* Extracted records:

──────────

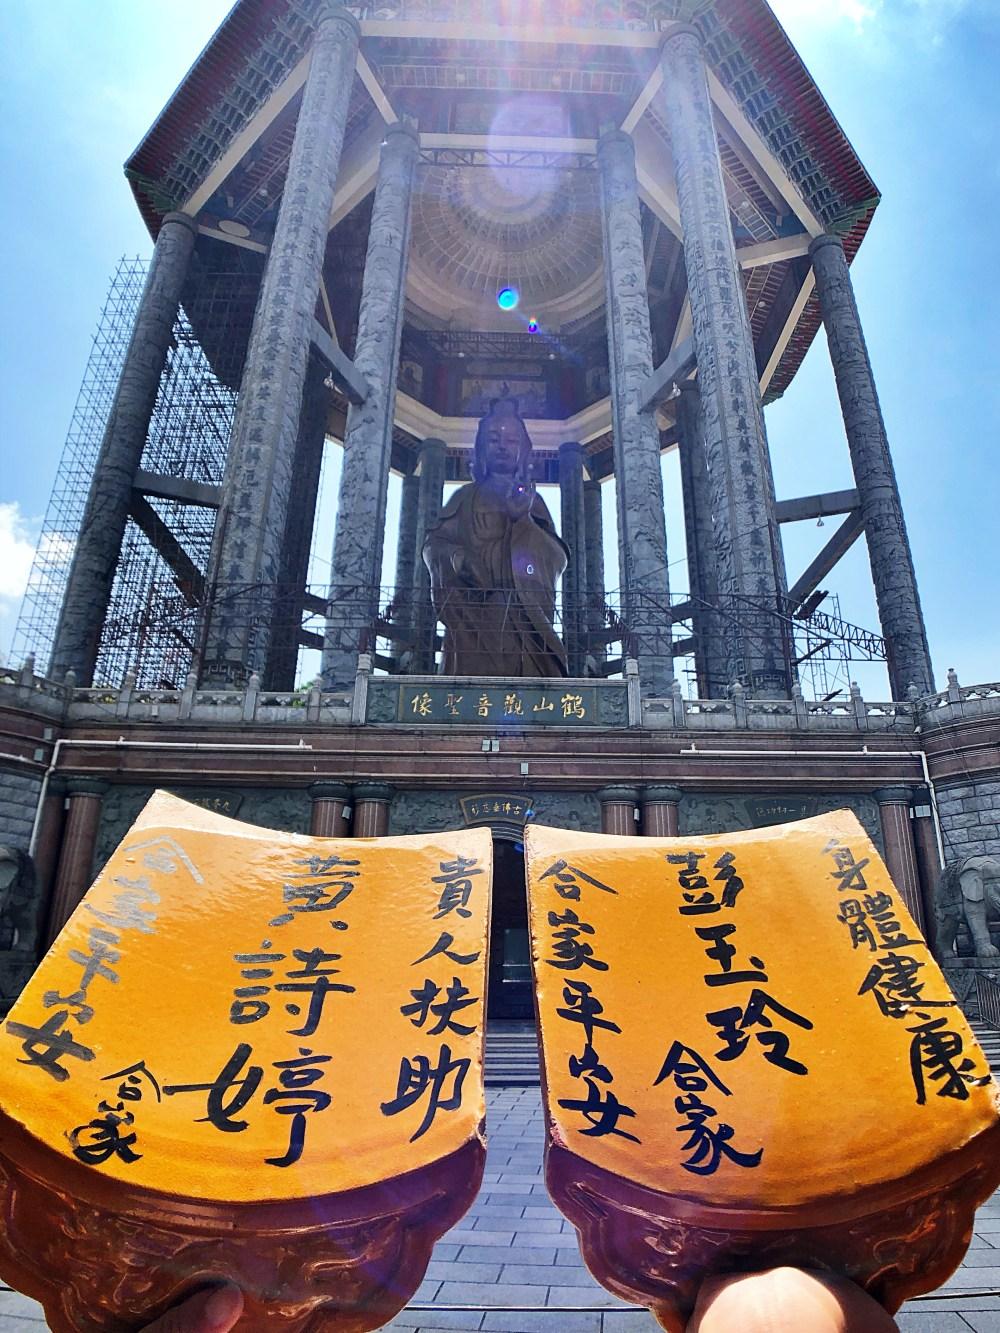 23 March 2019: Kek Lok Si Temple
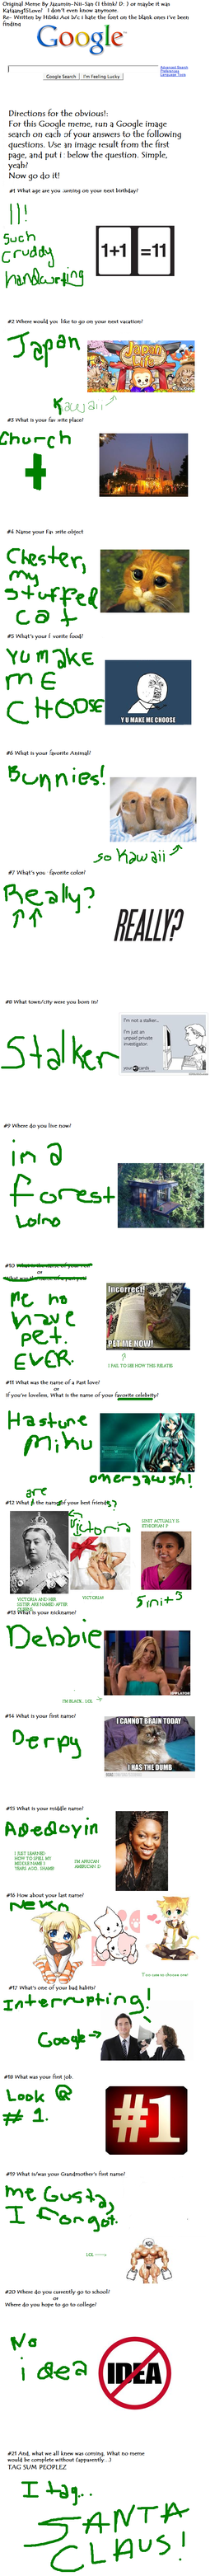 Google Meme :D by DerpysGalleria
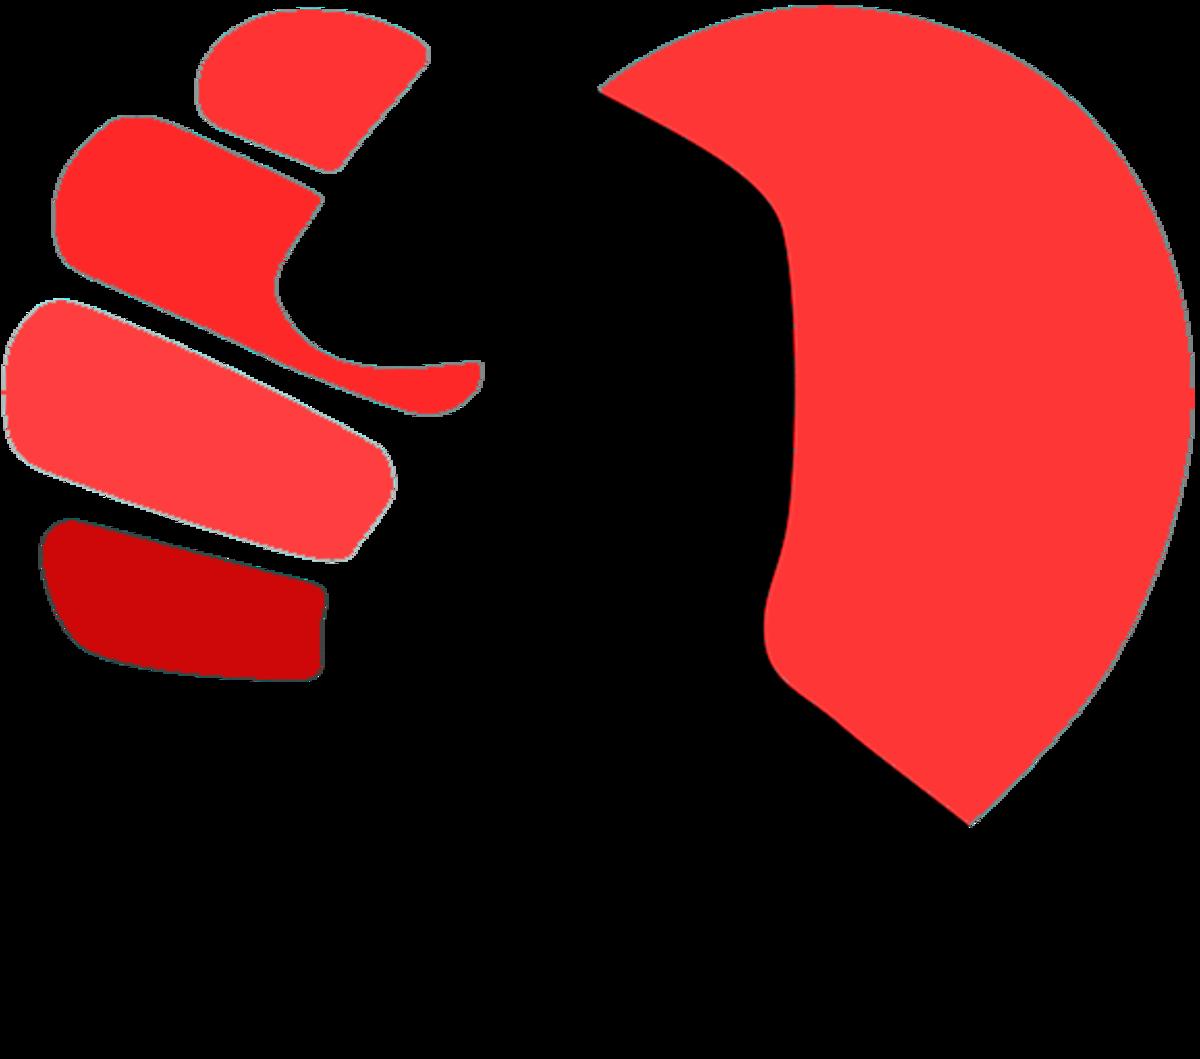 A Journal of Activism
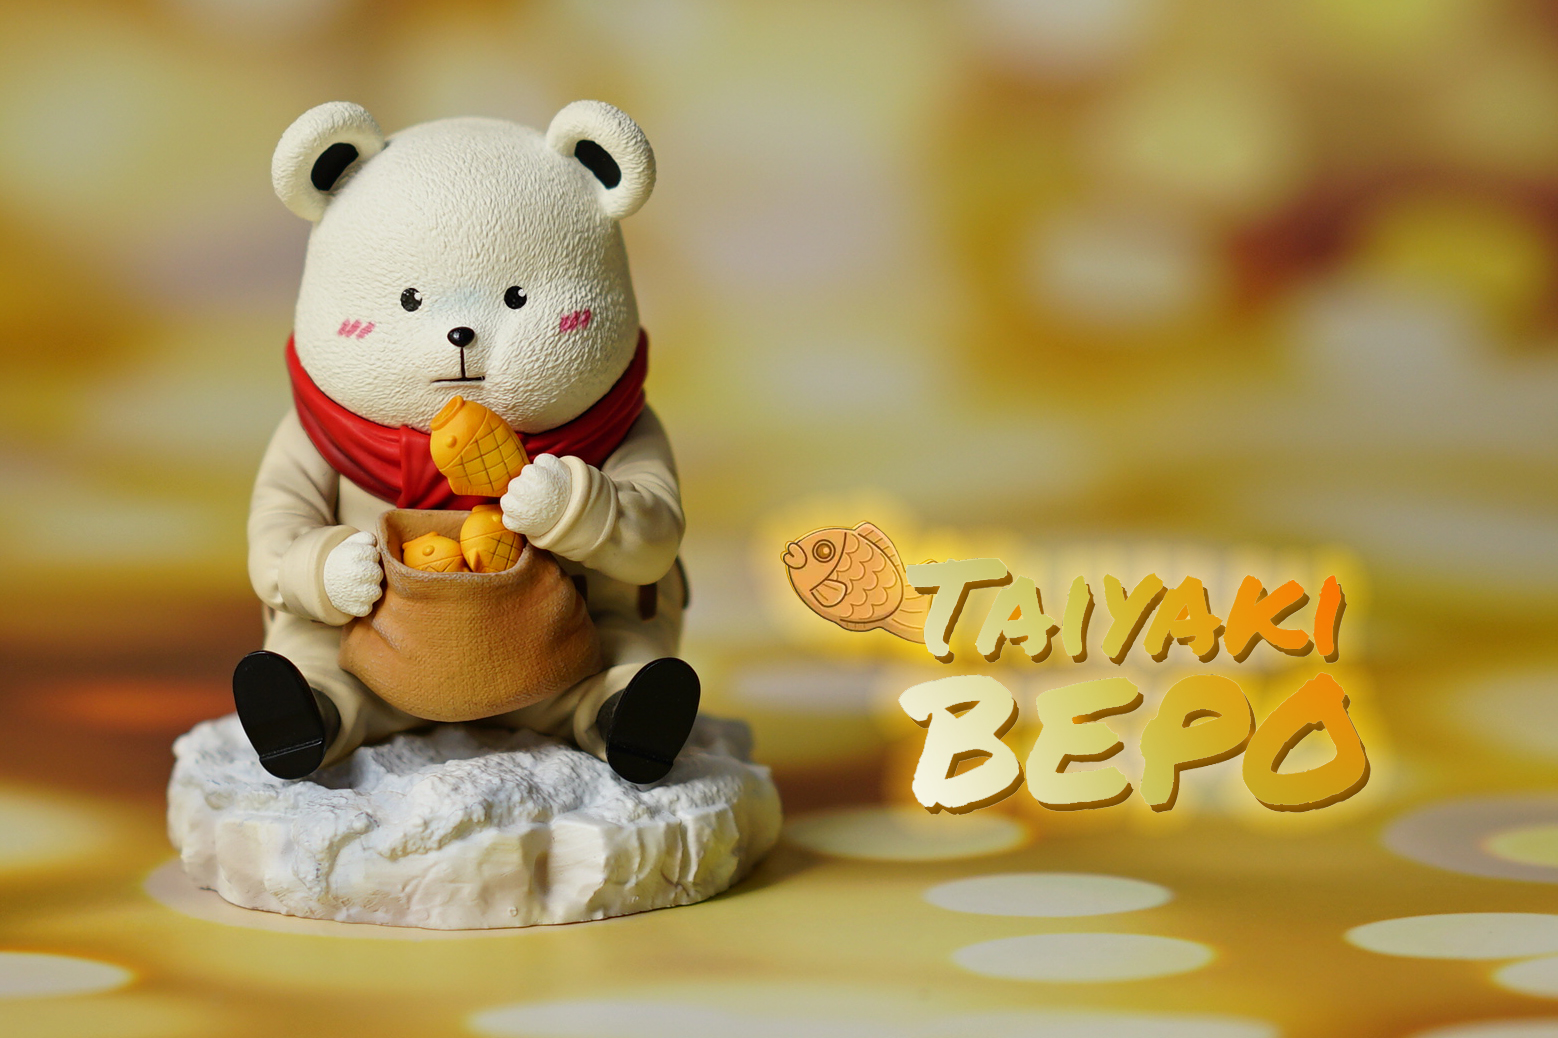 White BEPO น้องหมี x ขนมไทยากิ  A+ Studio (มัดจำ) [[SOLD OUT]]
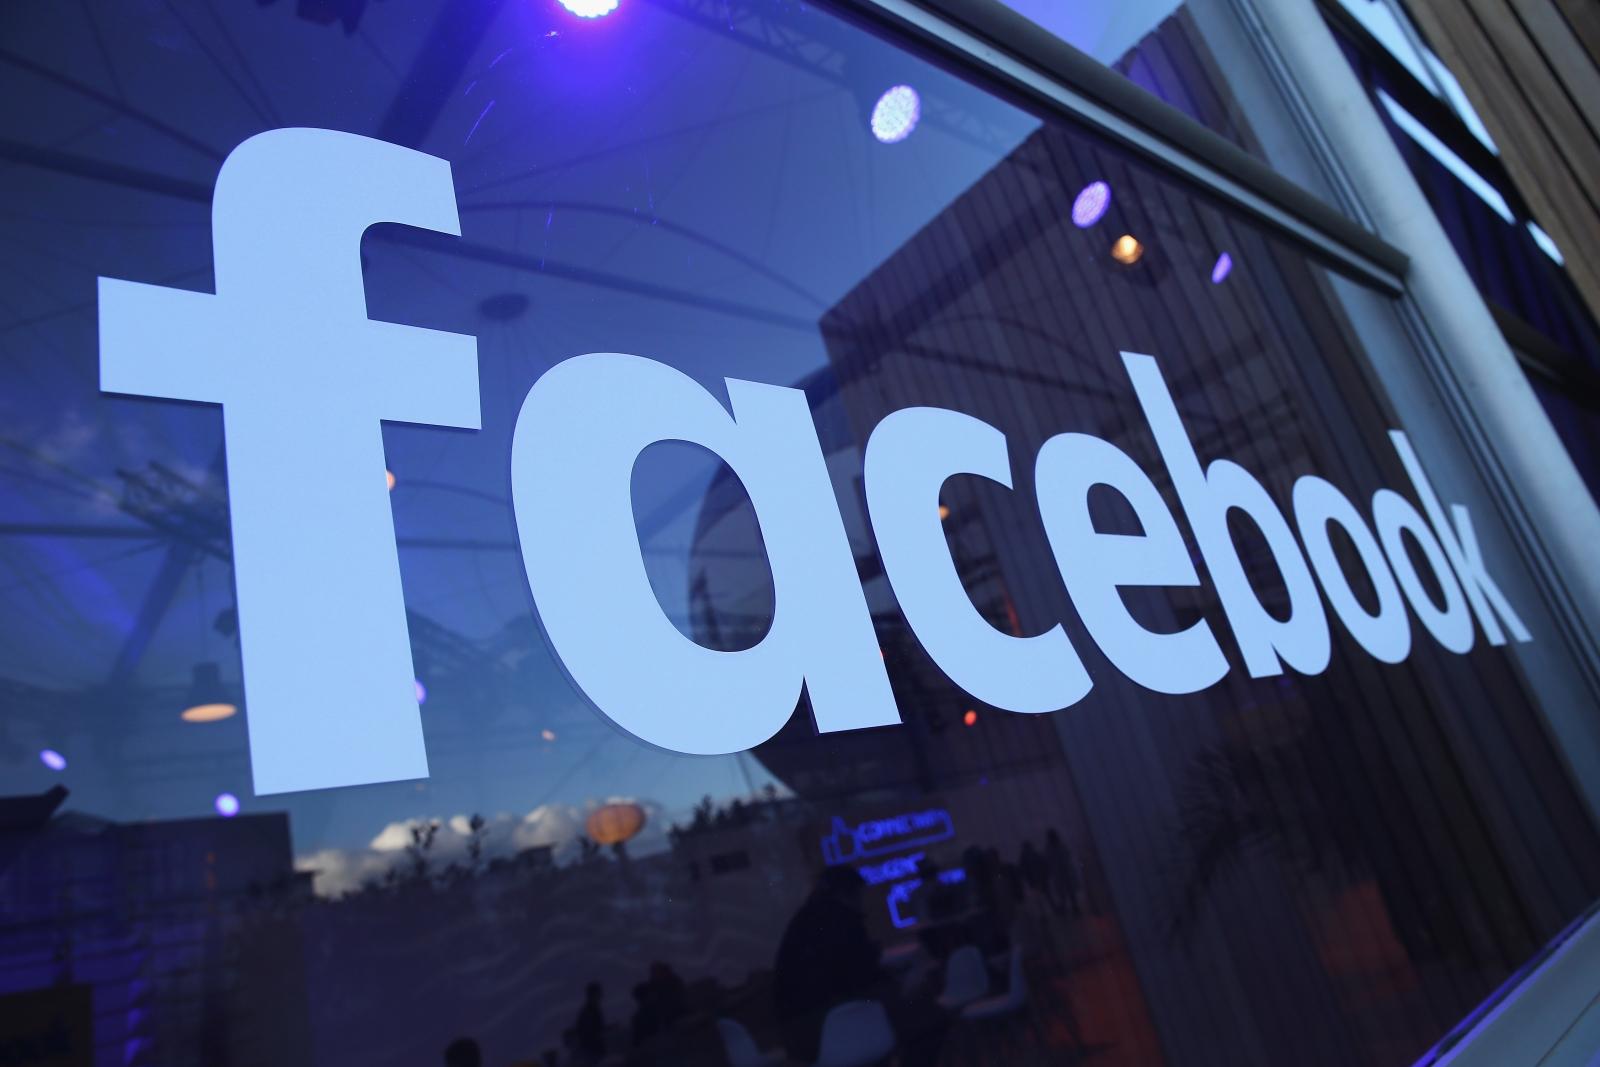 CNIL fined Facebook 150,000 euros

──────────

* Task instructions:
Set down the lines from the one containing "White BEPO น้องหมี" through the last line of the records above, both included, exactly as they appear and with no other text. Pictures should not be set down.

* Expected answer:
 White BEPO น้องหมี x ขนมไทยากิ  A+ Studio (มัดจำ) [[SOLD OUT]]
 CNIL fined Facebook 150,000 euros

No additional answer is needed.